Abstract

Cervical cancer poses a severe threat to women’s health globally. As a non-invasive imaging modality, cervical optical coherence tomography (OCT) rapidly generates micrometer-resolution images from the cervix, comparable nearly to histopathology. However, the scarcity of high-quality labeled OCT images and the inevitable speckle noise impede deep-learning models from extracting discriminative features of high-risk lesion images. This study utilizes segmentation masks and bounding boxes to construct prior activation maps (PAMs) that encode pathologists’ diagnostic insights into different cervical disease categories in OCT images. These PAMs guide the classification model in producing reasonable class activation maps during training, enhancing interpretability and performance to meet gynecologists’ needs. Experiments using five-fold cross-validation demonstrate that the PAM-guided classification model boosts the classification of high-risk lesions on three datasets. Besides, our method enhances histopathology-based interpretability to assist gynecologists in analyzing cervical OCT images efficiently, advancing the integration of deep learning in clinical practice.

Links to Paper and Supplementary Materials

Main Paper (Open Access Version): https://papers.miccai.org/miccai-2024/paper/1307_paper.pdf

SharedIt Link: pending

SpringerLink (DOI): pending

Supplementary Material: https://papers.miccai.org/miccai-2024/supp/1307_supp.pdf

Link to the Code Repository

https://github.com/ssea-lab/AMGuided_Cervical_OCT_Classification

Link to the Dataset(s)

N/A

BibTex

@InProceedings{Wan_Prior_MICCAI2024,
        author = { Wang, Qingbin and Wong, Wai Chon and Yin, Mi and Ma, Yutao},
        title = { { Prior Activation Map Guided Cervical OCT Image Classification } },
        booktitle = {proceedings of Medical Image Computing and Computer Assisted Intervention -- MICCAI 2024},
        year = {2024},
        publisher = {Springer Nature Switzerland},
        volume = {LNCS 15003},
        month = {October},
        page = {pending}
}


Reviews

Review #1

  • Please describe the contribution of the paper

    This paper leverage the knowledge and skills of pathologists in analyzing cervical OCT images to construct prior activation maps (PAMs). These PAMs guide the classification model to produce reasonable class activation maps during training, enhancing interpretability and performance to meet gynecologists’ needs.

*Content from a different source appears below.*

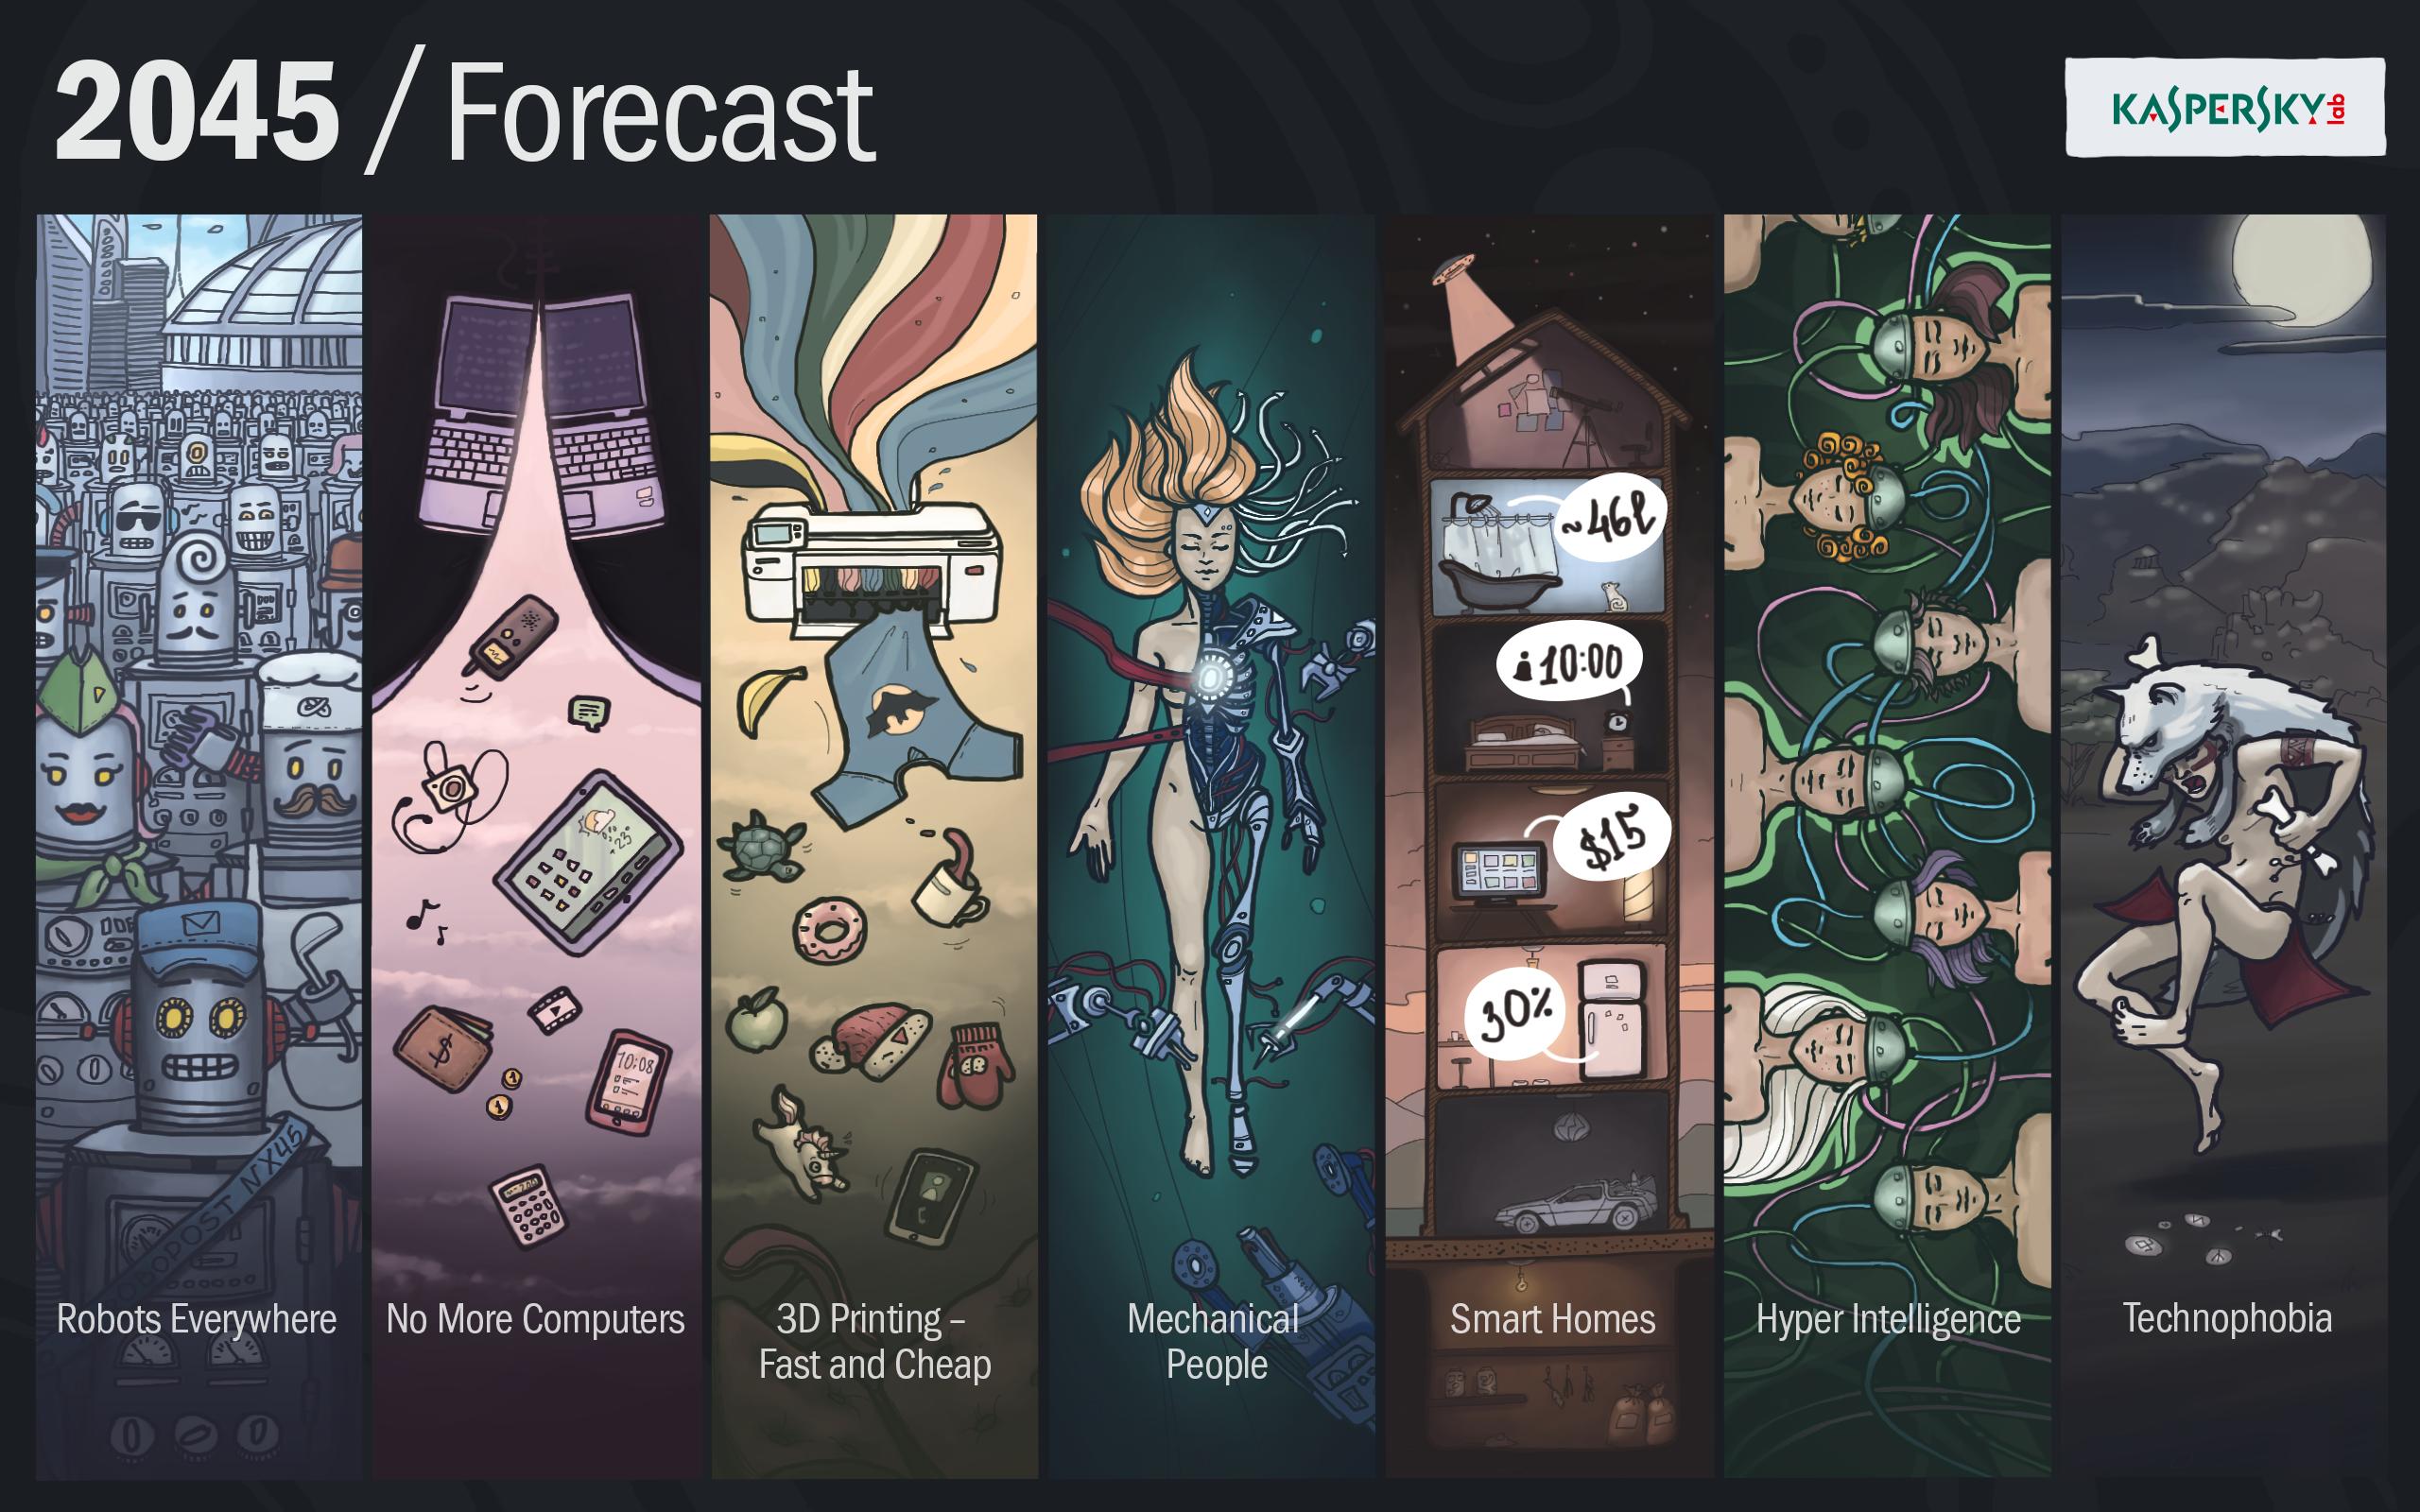 KL_2045 Forecast

  • Please list the main strengths of the paper; you should write about a novel formulation, an original way to use data, demonstration of clinical feasibility, a novel application, a particularly strong evaluation, or anything else that is a strong aspect of this work. Please provide details, for instance, if a method is novel, explain what aspect is novel and why this is interesting.
    1. This paper is of good clarity.
    2. The method has clinical significance.
    3. The dataset is big; the experiment is well designed; the visualizations looks good.
    4. The experiment result is valid to prove adding PAM can improve the performance as well as the interpretability.
  • Please list the main weaknesses of the paper. Please provide details, for instance, if you think a method is not novel, explain why and provide a reference to prior work.
    1. The method did not include comparison between different methods. There are existing methods which use similar data for the same task e.g., [14] is already an interpretable approach which can classify cervival OCT. I can increase my score if I am not correct here.
    2. The improvement from the PAM seems to be marginal.

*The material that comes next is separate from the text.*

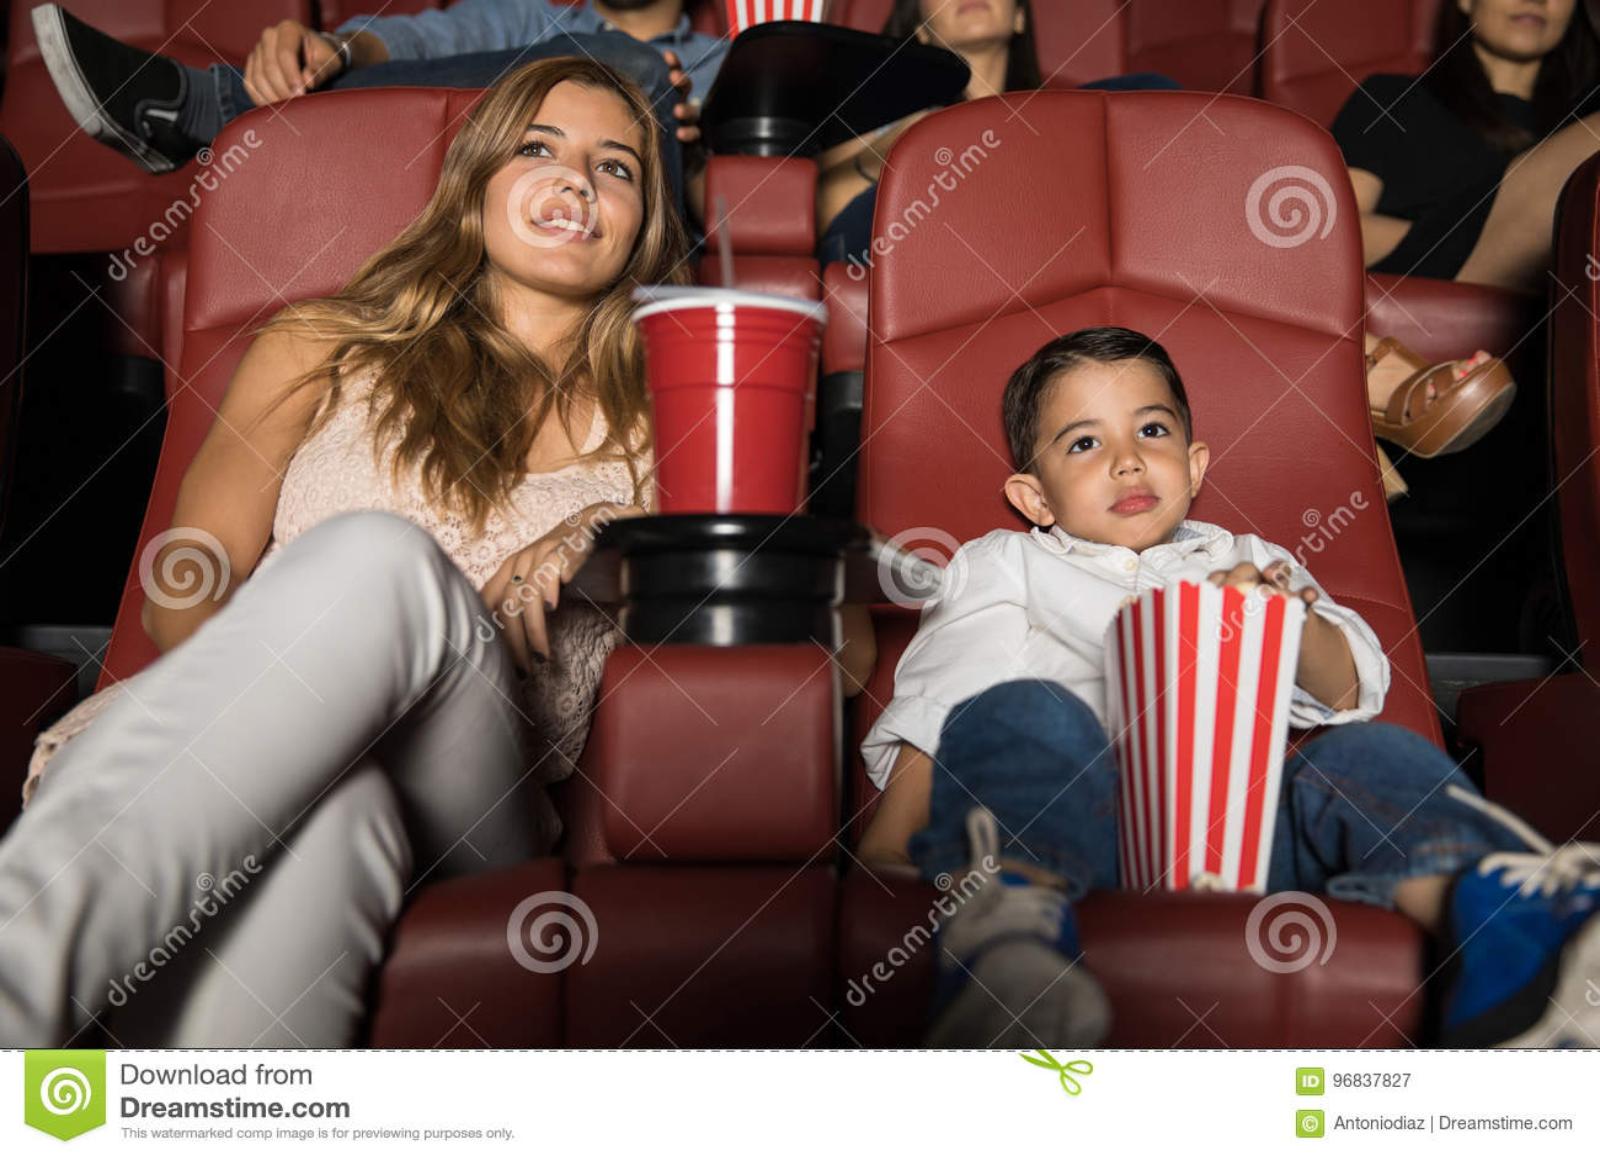 Mom Son Free Movies

    [14]Wang, Qingbin, et al. “Cross-Attention Based Multi-Resolution Feature Fusion Model for Self-Supervised Cervical OCT Image Classification.” IEEE/ACM Transactions on Computational Biology and Bioinformatics (2023).

  • Please rate the clarity and organization of this paper

    Very Good

  • Please comment on the reproducibility of the paper. Please be aware that providing code and data is a plus, but not a requirement for acceptance.

    The submission does not mention open access to source code or data but provides a clear and detailed description of the algorithm to ensure reproducibility.

  • Do you have any additional comments regarding the paper’s reproducibility?

    N/A

  • Please provide detailed and constructive comments for the authors. Please also refer to our Reviewer’s guide on what makes a good review. Pay specific attention to the different assessment criteria for the different paper categories (MIC, CAI, Clinical Translation of Methodology, Health Equity): https://conferences.miccai.org/2024/en/REVIEWER-GUIDELINES.html

    Considering that there is already a paper which did almost the same task, I think a comparison is needed, in interms of performance and interpretable CAM maps.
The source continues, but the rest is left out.